O Hospital Nossa Senhora das Graças, de Curitiba, acaba de realizar seu primeiro transplante de fígado entre pacientes vivos. No último sábado, a paciente Marcela Portira Regiane, de 15 anos, recebeu parte do fígado de seu marido, Cristiano Romualdo Fernandes, 19, em um procedimento cirúrgico que durou nove horas e meia.
Segundo o cirurgião Júlio Coelho, duas equipes, compostas por quinze médicos, realizaram o transplante. Enquanto uma equipe retirava o fígado doente de Marcela, a outra retirava 60% do órgão saudável de Cristiano. “É um procedimento muito delicado, que representa riscos mínimos ao doador e grandes ao receptor”, explica o médico. Felizmente, a cirurgia de Marcela foi bem-sucedida.
Na maioria dos transplantes de fígado, o órgão é retirado de cadáveres. Porém, quem precisa de um transplante costuma ficar até três anos na fila para conseguir um órgão que lhe seja compatível. No Paraná, aguardam por um fígado aproximadamente 250 pessoas adultas. “No futuro, novas técnicas devem ser desenvolvidas e o transplante de fígado entre pessoas vivas pode representar uma esperança maior a quem está doente e aguarda na fila”, comenta a hepatologista Mônica Beatriz Parolin. Para ser doador, é preciso ter um fígado grande, estar em boas condições de saúde e ter o mesmo tipo sangüíneo do receptor.
Caso Marcela
Marcela não podia esperar. Com a saúde debilitada, ela precisava ser operada com urgência, caso contrário não conseguiria sobreviver. Foi então que seu marido Cristiano resolveu fazer a doação. “A Marcela começou a apresentar problemas de saúde aos nove meses de vida. Ela é vítima de uma doença que atinge o intestino grosso, que acabou afetando o fígado”, explica Júlio. A garota apresenta retardo no desenvolvimento físico, disfunções hormonais e outros problemas.

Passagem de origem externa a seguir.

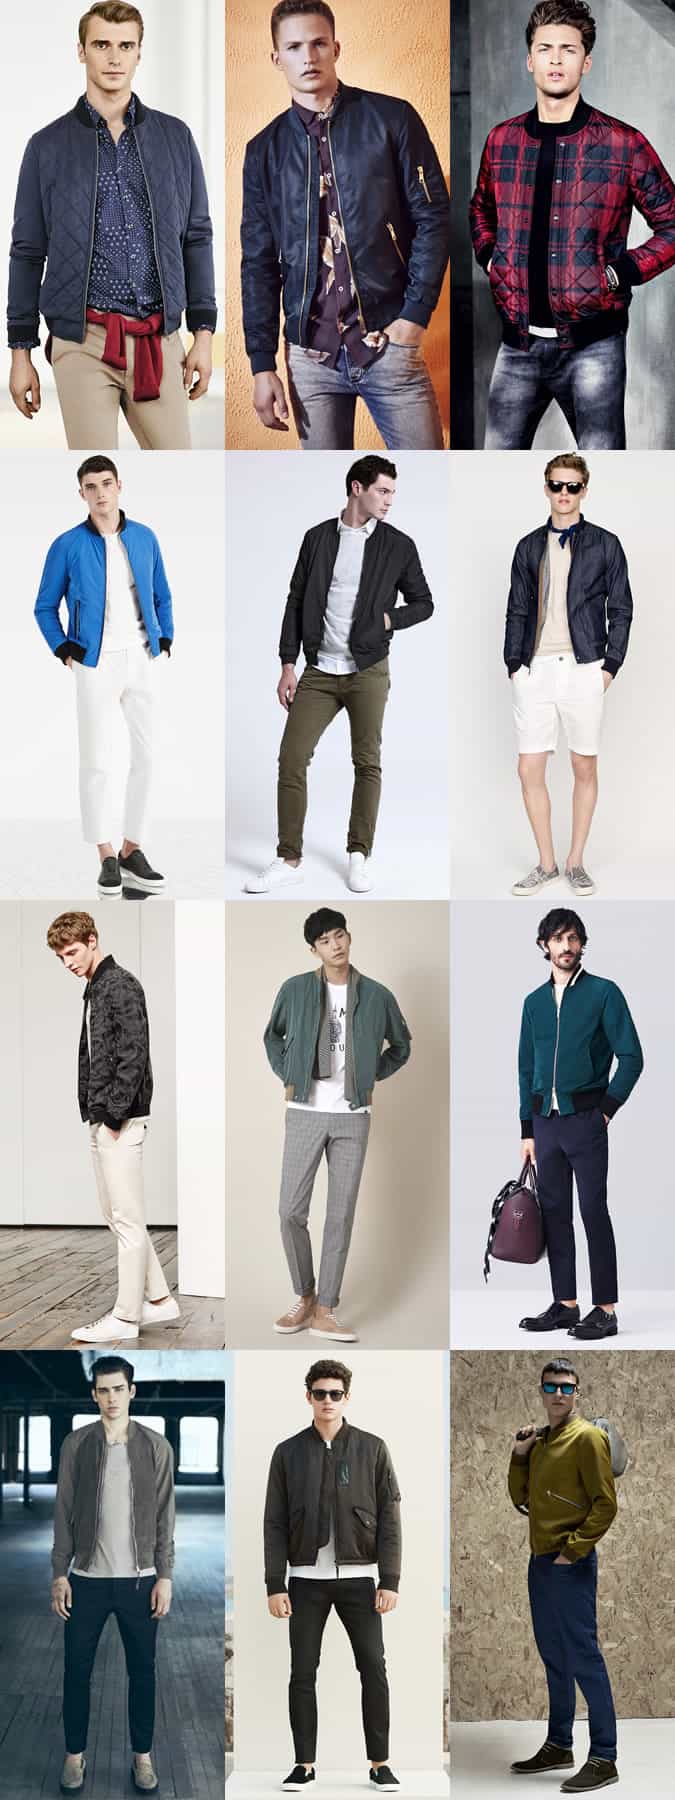 Men's Bomber Jackets Spring Outfit Inspiration Lookbook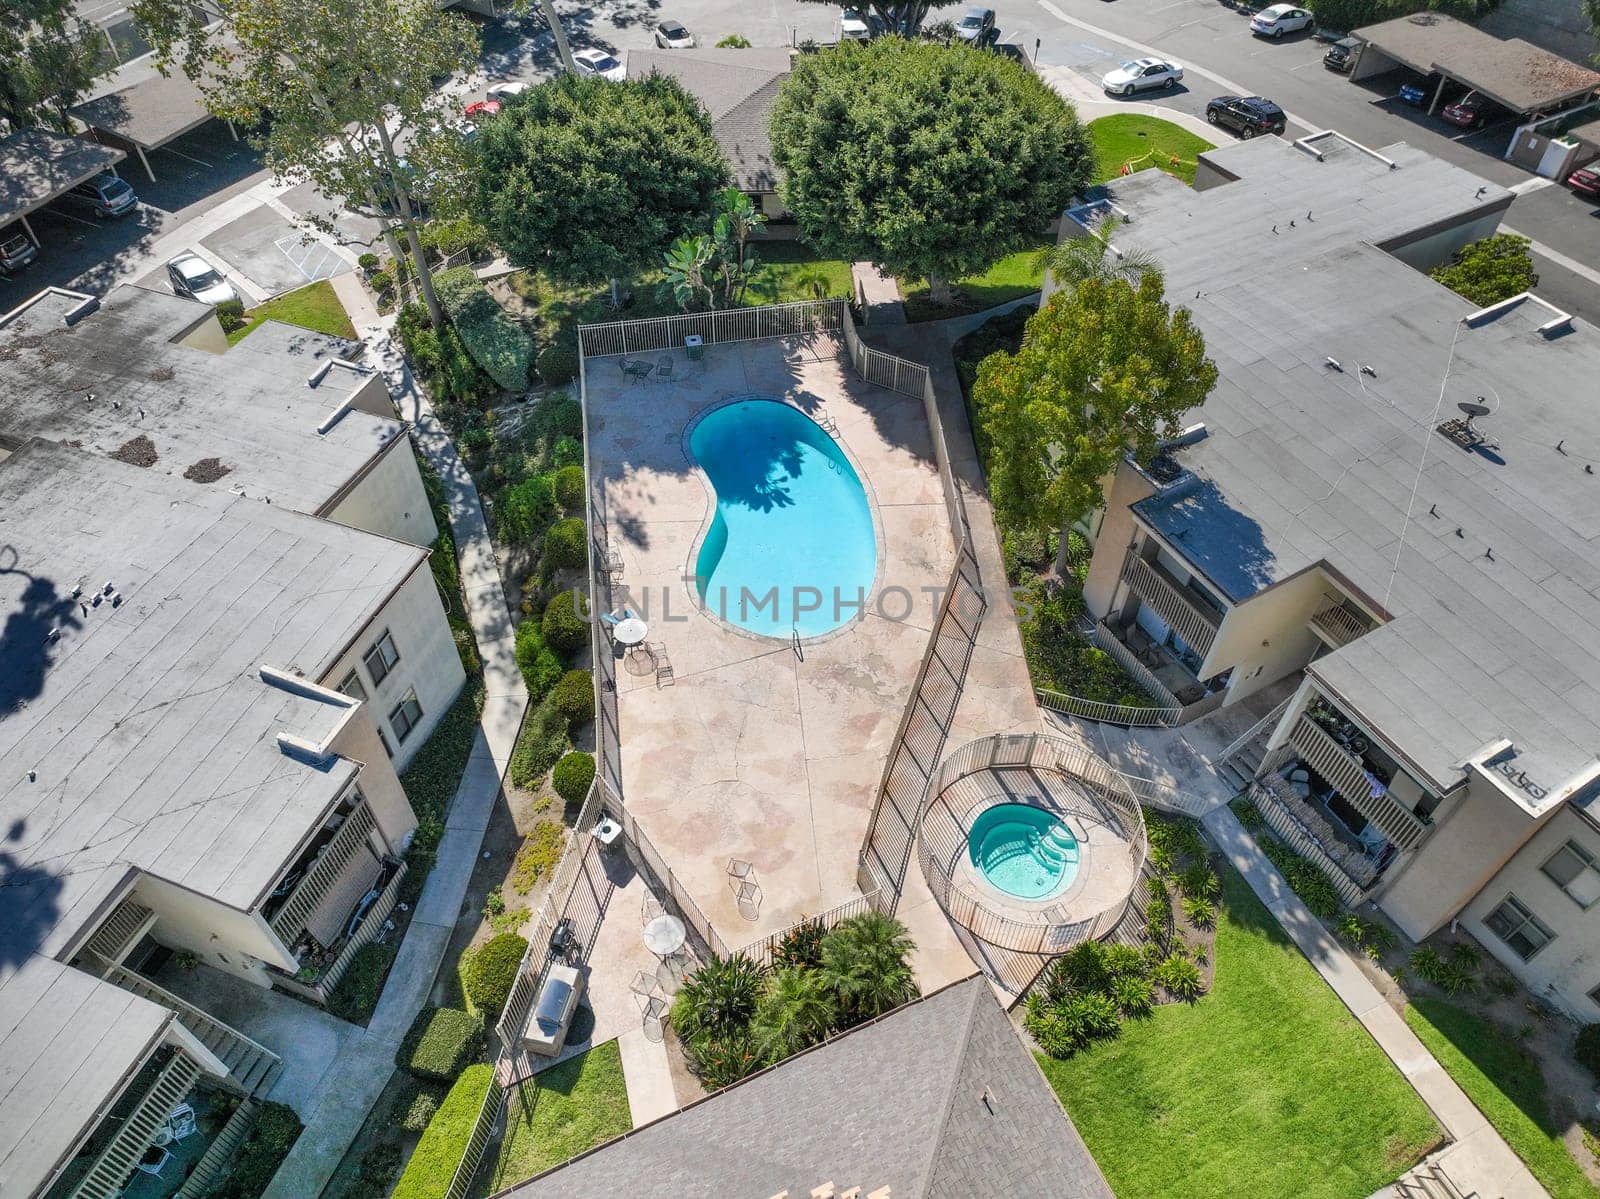 Gardens with pool and Jacuzzi in a the typical apartment complex building in San Diego, California by Bonandbon

A recuperação da paciente tem surpreendido os médicos. Ela saiu da UTI 48 horas após o transplante, já está andando e logo poderá receber alta. Em breve, o pedaço de fígado que recebeu vai se regenerar e atingir um tamanho apropriado. O mesmo deve acontecer com o órgão de Cristiano. “O rapaz já recebeu alta e não precisa de cuidados especiais”, diz o cirurgião. Já Marcela terá de tomar alguns cuidados no começo. Ela vai para casa, mas precisará de medicação, que será reduzida ao longo do tempo, de máscara, para evitar infecções, e de alimentação balanceada.
As chances de sucesso de transplantes de fígados com doadores vivos são de 80%. Casos de rejeição são comuns, contudo podem facilmente ser controlados com medicação. A previsão é de que, entre seis meses e um ano, Marcela, que sempre conviveu com uma série de limitações, possa levar uma vida totalmente normal.
Em Curitiba, o transplante com doador vivo também é realizado no Hospital de Clínicas. O procedimento, todavia, é mais comum em crianças, que necessitam de uma parte menor do órgão a ser doado.
Transplantada se diz otimista
Cintia Végas
Já andando e com boa aparência, Marcela se mostra bastante otimista. Não vê a hora de poder levar uma vida normal. Ela conta que, antes da cirurgia, qualquer coisa que fizesse representava um grande esforço físico. Sentia falta de ar para andar e tinha dificuldades até para tomar banho sozinha. “Nunca me senti tão bem como me sinto agora”, comemora.
A adolescente admira a coragem do marido e incentiva as pessoas a se tornarem doadoras. “Não tenho palavras para agradecer o que o Cristiano fez por mim”, diz. “Acho que as pessoas deveriam se preocupar mais em serem doadoras de órgãos. Ninguém tem idéia do que sofre uma pessoa que precisa de um transplante.” O grande projeto de Marcela para o futuro é ter filhos, pois ao que tudo indica ela terá sua vida reprodutiva normalizada. “Quero ter três”, avisa.
Família
O pai da garota, o vendedor Walter Regiane, de 48 anos, acredita que o transplante não representa uma nova vida apenas para a filha, mas também para os familiares, que acompanharam e se angustiaram com o sofrimento da menina. “O maior problema que a Marcela enfrentou foi o preconceito de outras pessoas”, lembra o pai. Como é típico de quem tem problemas de fígado, ela sempre tinha os olhos bastante amarelados. Segundo o pai, isso fazia com que as pessoas se afastassem, com medo de que ela tivesse alguma doença contagiosa. “Agora, ela vai voltar a estudar e levará uma vida normal”, exalta.